• _Brief_: In the records that follow, the lines from the one containing "L'unité de surveillance" to the one containing "Black Wrangler Jeans - W35 L28", inclusive, are to be given again exactly.

• _Records drawn from a dataset_:
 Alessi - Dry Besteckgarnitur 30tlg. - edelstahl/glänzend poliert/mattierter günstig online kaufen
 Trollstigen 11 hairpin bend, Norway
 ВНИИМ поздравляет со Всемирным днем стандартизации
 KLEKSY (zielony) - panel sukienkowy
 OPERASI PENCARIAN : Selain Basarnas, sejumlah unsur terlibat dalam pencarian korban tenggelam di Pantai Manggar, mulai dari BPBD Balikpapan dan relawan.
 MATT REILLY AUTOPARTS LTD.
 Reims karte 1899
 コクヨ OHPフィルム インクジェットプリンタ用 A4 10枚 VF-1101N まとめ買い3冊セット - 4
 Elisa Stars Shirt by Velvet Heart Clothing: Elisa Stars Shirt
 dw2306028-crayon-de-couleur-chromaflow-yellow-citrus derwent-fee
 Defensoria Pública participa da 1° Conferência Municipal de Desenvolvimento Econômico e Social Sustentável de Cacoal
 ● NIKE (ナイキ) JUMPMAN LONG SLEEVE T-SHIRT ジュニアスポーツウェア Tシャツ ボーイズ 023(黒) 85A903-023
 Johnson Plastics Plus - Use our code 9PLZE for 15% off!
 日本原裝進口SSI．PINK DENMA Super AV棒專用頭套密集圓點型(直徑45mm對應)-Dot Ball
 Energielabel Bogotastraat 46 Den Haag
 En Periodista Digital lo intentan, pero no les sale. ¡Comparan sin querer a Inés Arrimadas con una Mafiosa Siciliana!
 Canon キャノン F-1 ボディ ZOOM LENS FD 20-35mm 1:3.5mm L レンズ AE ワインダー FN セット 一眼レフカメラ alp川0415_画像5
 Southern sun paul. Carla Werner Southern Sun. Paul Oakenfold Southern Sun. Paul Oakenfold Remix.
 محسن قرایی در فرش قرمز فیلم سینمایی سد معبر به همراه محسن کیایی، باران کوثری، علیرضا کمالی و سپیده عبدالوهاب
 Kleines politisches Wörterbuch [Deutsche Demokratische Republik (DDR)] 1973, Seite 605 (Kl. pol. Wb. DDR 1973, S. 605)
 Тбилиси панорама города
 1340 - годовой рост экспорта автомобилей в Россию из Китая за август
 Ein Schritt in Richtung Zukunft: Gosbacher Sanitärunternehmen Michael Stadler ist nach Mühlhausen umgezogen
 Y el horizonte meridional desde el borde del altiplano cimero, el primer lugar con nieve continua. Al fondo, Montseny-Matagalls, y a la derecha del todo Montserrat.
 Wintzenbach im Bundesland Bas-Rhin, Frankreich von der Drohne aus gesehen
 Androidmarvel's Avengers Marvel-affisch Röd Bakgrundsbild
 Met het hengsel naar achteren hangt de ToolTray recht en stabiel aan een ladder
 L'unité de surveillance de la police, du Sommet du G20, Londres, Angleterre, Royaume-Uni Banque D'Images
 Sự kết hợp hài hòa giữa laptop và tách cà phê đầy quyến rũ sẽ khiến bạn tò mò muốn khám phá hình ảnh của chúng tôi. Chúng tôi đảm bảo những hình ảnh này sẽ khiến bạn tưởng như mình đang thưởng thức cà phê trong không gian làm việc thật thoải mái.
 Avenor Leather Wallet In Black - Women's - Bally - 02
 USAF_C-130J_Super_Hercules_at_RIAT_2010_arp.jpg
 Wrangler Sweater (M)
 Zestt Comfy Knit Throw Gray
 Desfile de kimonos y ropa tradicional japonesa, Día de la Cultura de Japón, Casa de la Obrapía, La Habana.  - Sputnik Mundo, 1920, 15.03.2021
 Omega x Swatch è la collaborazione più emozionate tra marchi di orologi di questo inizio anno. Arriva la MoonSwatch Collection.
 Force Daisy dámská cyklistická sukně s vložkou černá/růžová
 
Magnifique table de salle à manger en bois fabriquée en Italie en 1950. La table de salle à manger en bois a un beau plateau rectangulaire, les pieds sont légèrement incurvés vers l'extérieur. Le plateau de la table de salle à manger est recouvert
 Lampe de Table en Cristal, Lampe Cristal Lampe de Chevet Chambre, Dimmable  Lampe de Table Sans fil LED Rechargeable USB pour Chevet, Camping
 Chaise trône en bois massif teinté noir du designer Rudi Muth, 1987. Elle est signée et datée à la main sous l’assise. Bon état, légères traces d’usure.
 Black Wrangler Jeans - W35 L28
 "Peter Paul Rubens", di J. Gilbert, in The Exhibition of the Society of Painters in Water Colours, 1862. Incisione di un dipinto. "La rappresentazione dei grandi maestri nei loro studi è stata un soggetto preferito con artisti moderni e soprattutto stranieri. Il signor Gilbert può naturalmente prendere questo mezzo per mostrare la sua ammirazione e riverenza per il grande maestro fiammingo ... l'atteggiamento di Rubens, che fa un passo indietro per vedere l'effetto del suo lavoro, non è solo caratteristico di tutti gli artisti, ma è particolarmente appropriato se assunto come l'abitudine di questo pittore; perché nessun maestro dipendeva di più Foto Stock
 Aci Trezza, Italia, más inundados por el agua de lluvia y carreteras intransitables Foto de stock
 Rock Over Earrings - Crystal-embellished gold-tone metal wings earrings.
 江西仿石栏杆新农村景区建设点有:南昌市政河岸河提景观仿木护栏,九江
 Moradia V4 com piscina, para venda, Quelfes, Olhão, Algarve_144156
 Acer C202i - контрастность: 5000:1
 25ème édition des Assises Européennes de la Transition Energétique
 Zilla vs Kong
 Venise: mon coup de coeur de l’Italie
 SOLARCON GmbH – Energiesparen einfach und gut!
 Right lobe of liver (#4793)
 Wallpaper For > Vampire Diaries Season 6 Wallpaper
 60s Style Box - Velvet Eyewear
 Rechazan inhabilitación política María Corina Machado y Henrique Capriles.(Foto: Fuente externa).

• _Response for this exercise_:
 L'unité de surveillance de la police, du Sommet du G20, Londres, Angleterre, Royaume-Uni Banque D'Images
 Sự kết hợp hài hòa giữa laptop và tách cà phê đầy quyến rũ sẽ khiến bạn tò mò muốn khám phá hình ảnh của chúng tôi. Chúng tôi đảm bảo những hình ảnh này sẽ khiến bạn tưởng như mình đang thưởng thức cà phê trong không gian làm việc thật thoải mái.
 Avenor Leather Wallet In Black - Women's - Bally - 02
 USAF_C-130J_Super_Hercules_at_RIAT_2010_arp.jpg
 Wrangler Sweater (M)
 Zestt Comfy Knit Throw Gray
 Desfile de kimonos y ropa tradicional japonesa, Día de la Cultura de Japón, Casa de la Obrapía, La Habana.  - Sputnik Mundo, 1920, 15.03.2021
 Omega x Swatch è la collaborazione più emozionate tra marchi di orologi di questo inizio anno. Arriva la MoonSwatch Collection.
 Force Daisy dámská cyklistická sukně s vložkou černá/růžová
 
Magnifique table de salle à manger en bois fabriquée en Italie en 1950. La table de salle à manger en bois a un beau plateau rectangulaire, les pieds sont légèrement incurvés vers l'extérieur. Le plateau de la table de salle à manger est recouvert
 Lampe de Table en Cristal, Lampe Cristal Lampe de Chevet Chambre, Dimmable  Lampe de Table Sans fil LED Rechargeable USB pour Chevet, Camping
 Chaise trône en bois massif teinté noir du designer Rudi Muth, 1987. Elle est signée et datée à la main sous l’assise. Bon état, légères traces d’usure.
 Black Wrangler Jeans - W35 L28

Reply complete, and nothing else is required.